### [What you should do]
Starting with the first line below, reproduce each line exactly until you have included the one bearing "Upholstered Brown Doll".

** Opening Dataset entries block **

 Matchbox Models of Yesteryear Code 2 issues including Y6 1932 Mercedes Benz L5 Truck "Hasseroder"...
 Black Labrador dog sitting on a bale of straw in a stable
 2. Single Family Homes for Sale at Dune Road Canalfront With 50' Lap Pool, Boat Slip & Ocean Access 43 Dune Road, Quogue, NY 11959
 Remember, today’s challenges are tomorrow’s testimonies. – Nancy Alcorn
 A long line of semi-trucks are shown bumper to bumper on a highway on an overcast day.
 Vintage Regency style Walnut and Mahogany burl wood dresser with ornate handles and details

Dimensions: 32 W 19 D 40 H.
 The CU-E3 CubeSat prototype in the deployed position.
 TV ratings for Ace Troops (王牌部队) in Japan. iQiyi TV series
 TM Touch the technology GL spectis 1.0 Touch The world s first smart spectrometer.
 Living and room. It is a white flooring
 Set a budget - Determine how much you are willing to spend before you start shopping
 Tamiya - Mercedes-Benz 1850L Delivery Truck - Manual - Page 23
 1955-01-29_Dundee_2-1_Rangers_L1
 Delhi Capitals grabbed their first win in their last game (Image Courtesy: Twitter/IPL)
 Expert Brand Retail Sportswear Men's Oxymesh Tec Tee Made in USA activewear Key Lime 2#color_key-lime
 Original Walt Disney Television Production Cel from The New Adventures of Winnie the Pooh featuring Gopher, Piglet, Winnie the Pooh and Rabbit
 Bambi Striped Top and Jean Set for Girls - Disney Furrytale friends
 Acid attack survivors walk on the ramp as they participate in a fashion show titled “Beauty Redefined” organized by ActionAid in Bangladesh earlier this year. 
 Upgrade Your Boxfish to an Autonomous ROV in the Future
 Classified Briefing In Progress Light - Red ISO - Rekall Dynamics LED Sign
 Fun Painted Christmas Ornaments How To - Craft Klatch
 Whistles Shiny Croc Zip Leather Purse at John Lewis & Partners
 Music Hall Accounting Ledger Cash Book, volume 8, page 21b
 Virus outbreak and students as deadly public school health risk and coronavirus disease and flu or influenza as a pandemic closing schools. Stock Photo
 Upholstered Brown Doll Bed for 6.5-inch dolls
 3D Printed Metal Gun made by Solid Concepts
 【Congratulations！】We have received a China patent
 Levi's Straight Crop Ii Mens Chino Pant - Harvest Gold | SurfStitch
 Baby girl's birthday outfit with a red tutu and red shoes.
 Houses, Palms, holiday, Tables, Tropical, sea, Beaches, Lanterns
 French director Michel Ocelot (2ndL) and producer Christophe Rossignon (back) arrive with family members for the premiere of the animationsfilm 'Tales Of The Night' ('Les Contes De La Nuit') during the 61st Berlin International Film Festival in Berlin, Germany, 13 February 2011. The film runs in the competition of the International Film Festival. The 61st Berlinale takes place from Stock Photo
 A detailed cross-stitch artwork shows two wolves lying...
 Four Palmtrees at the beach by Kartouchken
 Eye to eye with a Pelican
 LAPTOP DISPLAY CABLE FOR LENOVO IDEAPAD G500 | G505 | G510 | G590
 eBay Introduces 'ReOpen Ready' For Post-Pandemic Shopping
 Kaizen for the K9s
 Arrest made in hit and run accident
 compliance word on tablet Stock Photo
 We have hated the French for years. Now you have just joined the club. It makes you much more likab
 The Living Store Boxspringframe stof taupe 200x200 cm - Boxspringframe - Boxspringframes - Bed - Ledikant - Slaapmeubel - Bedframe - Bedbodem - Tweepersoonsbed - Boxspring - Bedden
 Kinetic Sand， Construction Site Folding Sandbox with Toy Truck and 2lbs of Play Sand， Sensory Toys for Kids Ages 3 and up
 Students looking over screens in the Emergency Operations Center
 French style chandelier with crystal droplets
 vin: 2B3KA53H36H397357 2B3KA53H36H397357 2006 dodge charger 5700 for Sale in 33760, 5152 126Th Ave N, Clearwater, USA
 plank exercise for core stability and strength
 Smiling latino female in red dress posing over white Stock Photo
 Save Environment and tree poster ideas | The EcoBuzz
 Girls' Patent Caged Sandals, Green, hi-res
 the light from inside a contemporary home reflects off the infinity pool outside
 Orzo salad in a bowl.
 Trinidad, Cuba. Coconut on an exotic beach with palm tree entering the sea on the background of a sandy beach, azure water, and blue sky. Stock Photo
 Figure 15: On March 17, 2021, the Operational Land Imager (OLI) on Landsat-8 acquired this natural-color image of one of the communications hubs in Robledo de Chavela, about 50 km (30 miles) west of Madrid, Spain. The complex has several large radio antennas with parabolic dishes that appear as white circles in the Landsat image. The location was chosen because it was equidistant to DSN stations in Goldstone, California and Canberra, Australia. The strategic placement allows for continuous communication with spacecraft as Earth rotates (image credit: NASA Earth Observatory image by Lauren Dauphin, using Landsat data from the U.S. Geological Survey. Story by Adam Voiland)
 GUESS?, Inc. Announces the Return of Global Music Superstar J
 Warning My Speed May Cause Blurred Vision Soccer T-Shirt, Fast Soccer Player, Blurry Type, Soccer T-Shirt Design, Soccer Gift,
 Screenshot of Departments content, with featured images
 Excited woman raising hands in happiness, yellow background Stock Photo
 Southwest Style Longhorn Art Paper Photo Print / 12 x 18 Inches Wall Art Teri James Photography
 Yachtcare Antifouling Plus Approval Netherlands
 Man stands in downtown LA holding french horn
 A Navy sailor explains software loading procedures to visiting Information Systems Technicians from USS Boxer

** Closing Dataset entries block **

### [Result of this task]
 Matchbox Models of Yesteryear Code 2 issues including Y6 1932 Mercedes Benz L5 Truck "Hasseroder"...
 Black Labrador dog sitting on a bale of straw in a stable
 2. Single Family Homes for Sale at Dune Road Canalfront With 50' Lap Pool, Boat Slip & Ocean Access 43 Dune Road, Quogue, NY 11959
 Remember, today’s challenges are tomorrow’s testimonies. – Nancy Alcorn
 A long line of semi-trucks are shown bumper to bumper on a highway on an overcast day.
 Vintage Regency style Walnut and Mahogany burl wood dresser with ornate handles and details

Dimensions: 32 W 19 D 40 H.
 The CU-E3 CubeSat prototype in the deployed position.
 TV ratings for Ace Troops (王牌部队) in Japan. iQiyi TV series
 TM Touch the technology GL spectis 1.0 Touch The world s first smart spectrometer.
 Living and room. It is a white flooring
 Set a budget - Determine how much you are willing to spend before you start shopping
 Tamiya - Mercedes-Benz 1850L Delivery Truck - Manual - Page 23
 1955-01-29_Dundee_2-1_Rangers_L1
 Delhi Capitals grabbed their first win in their last game (Image Courtesy: Twitter/IPL)
 Expert Brand Retail Sportswear Men's Oxymesh Tec Tee Made in USA activewear Key Lime 2#color_key-lime
 Original Walt Disney Television Production Cel from The New Adventures of Winnie the Pooh featuring Gopher, Piglet, Winnie the Pooh and Rabbit
 Bambi Striped Top and Jean Set for Girls - Disney Furrytale friends
 Acid attack survivors walk on the ramp as they participate in a fashion show titled “Beauty Redefined” organized by ActionAid in Bangladesh earlier this year. 
 Upgrade Your Boxfish to an Autonomous ROV in the Future
 Classified Briefing In Progress Light - Red ISO - Rekall Dynamics LED Sign
 Fun Painted Christmas Ornaments How To - Craft Klatch
 Whistles Shiny Croc Zip Leather Purse at John Lewis & Partners
 Music Hall Accounting Ledger Cash Book, volume 8, page 21b
 Virus outbreak and students as deadly public school health risk and coronavirus disease and flu or influenza as a pandemic closing schools. Stock Photo
 Upholstered Brown Doll Bed for 6.5-inch dolls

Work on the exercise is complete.